• _What is required_:
Output, word for word, each line from the one with "Exact Rug Size in" through the end of the listing below, excluding every picture.

(Dataset content Opens)

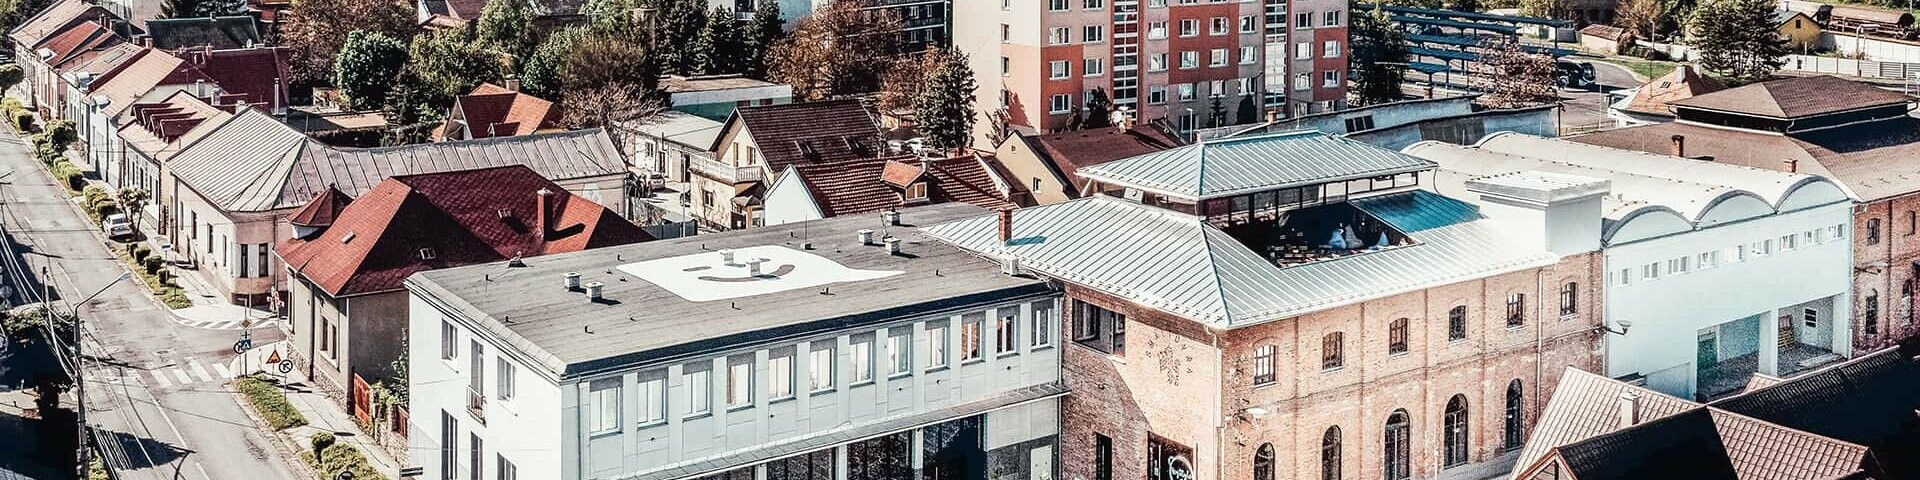 Bird´s view of the Smaltovna building. The roof is clad with Prefalz in plain aluminium. In the background several buildings of the city can be seen.
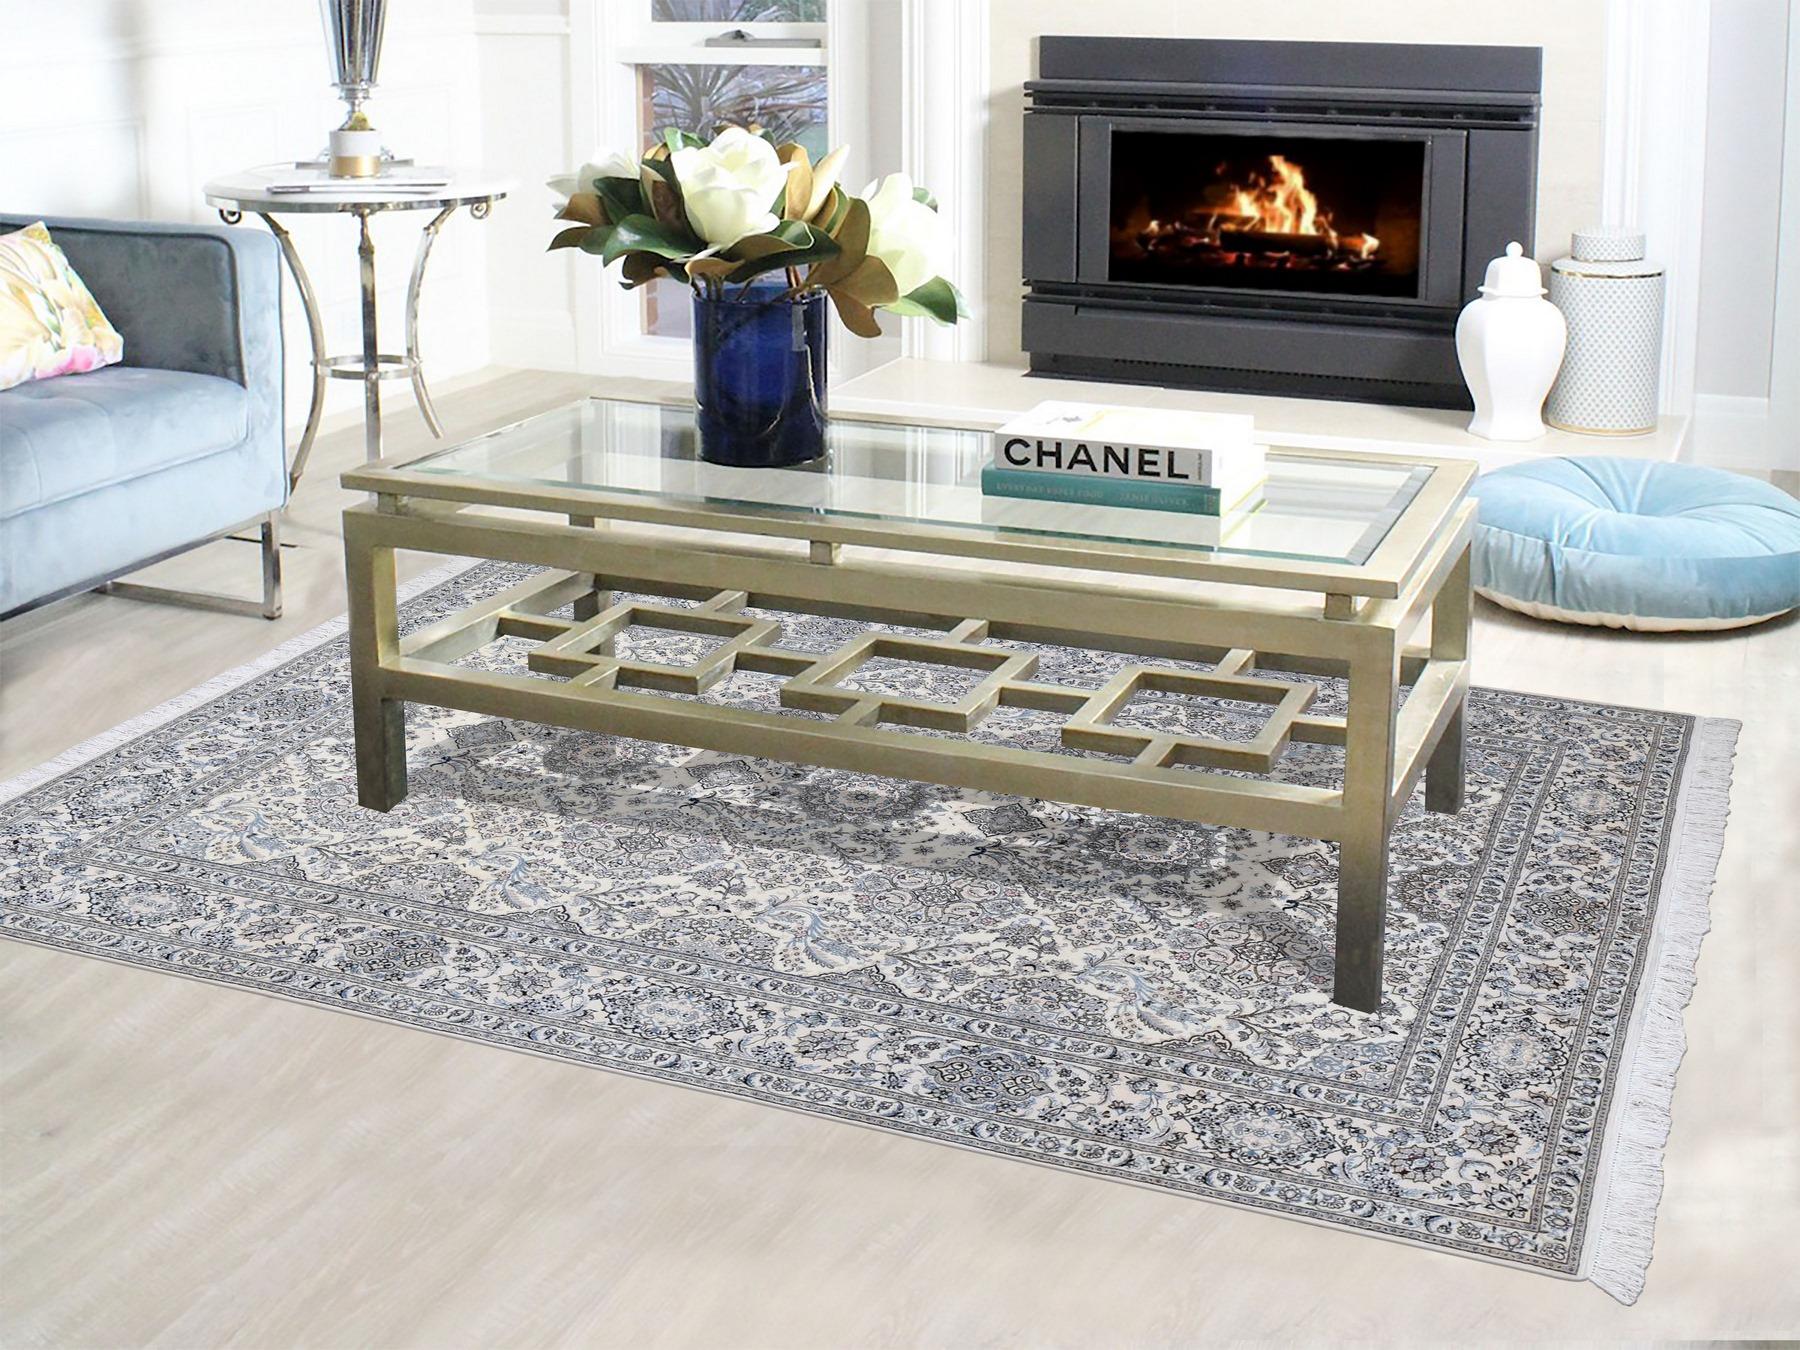 This fabulous hand knotted carpet has been created and designed for extra strength and durability. This rug has been handcrafted for weeks in the traditional method that is used to make Rugs. This is truly a one-of-kind piece. 

Exact Rug Size in
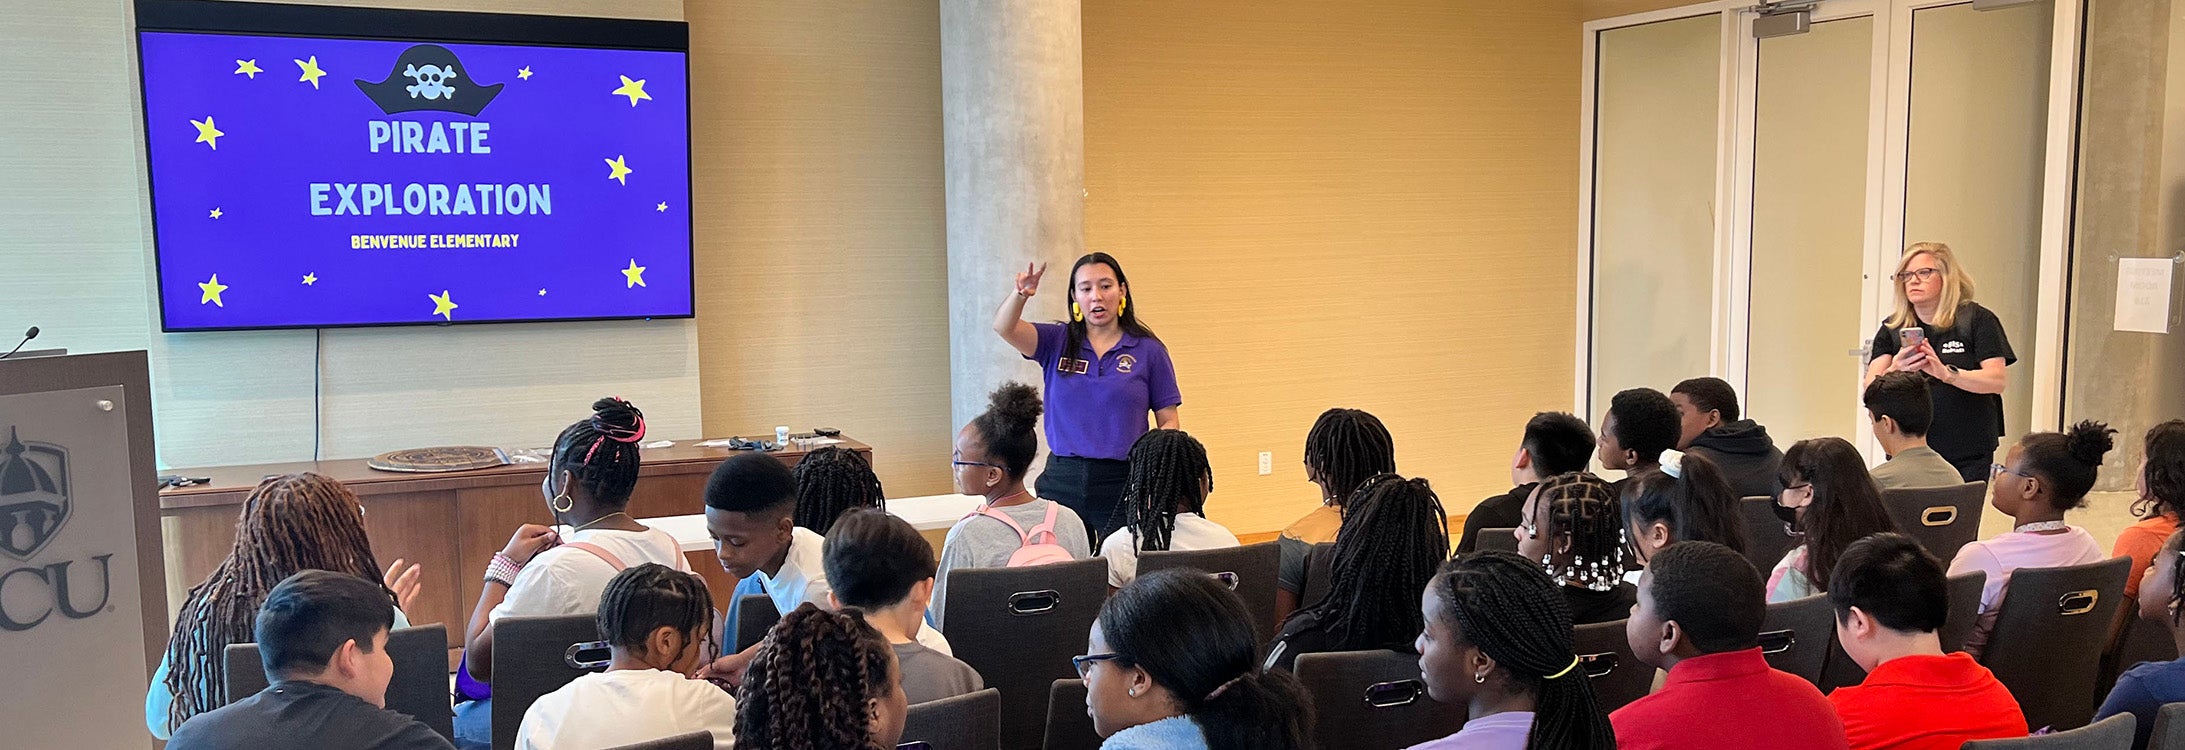 Nearly 100 fifth grade students from two North Carolina elementary schools visited East Carolina University this spring to tour the campus and learn about the educational, recreational and career possibilities available to them as future Pirates. (Contributed photo by Jean-Luc Scemama)

(Dataset content Closes)

• _Answer box_:
Exact Rug Size in
 Nearly 100 fifth grade students from two North Carolina elementary schools visited East Carolina University this spring to tour the campus and learn about the educational, recreational and career possibilities available to them as future Pirates. (Contributed photo by Jean-Luc Scemama)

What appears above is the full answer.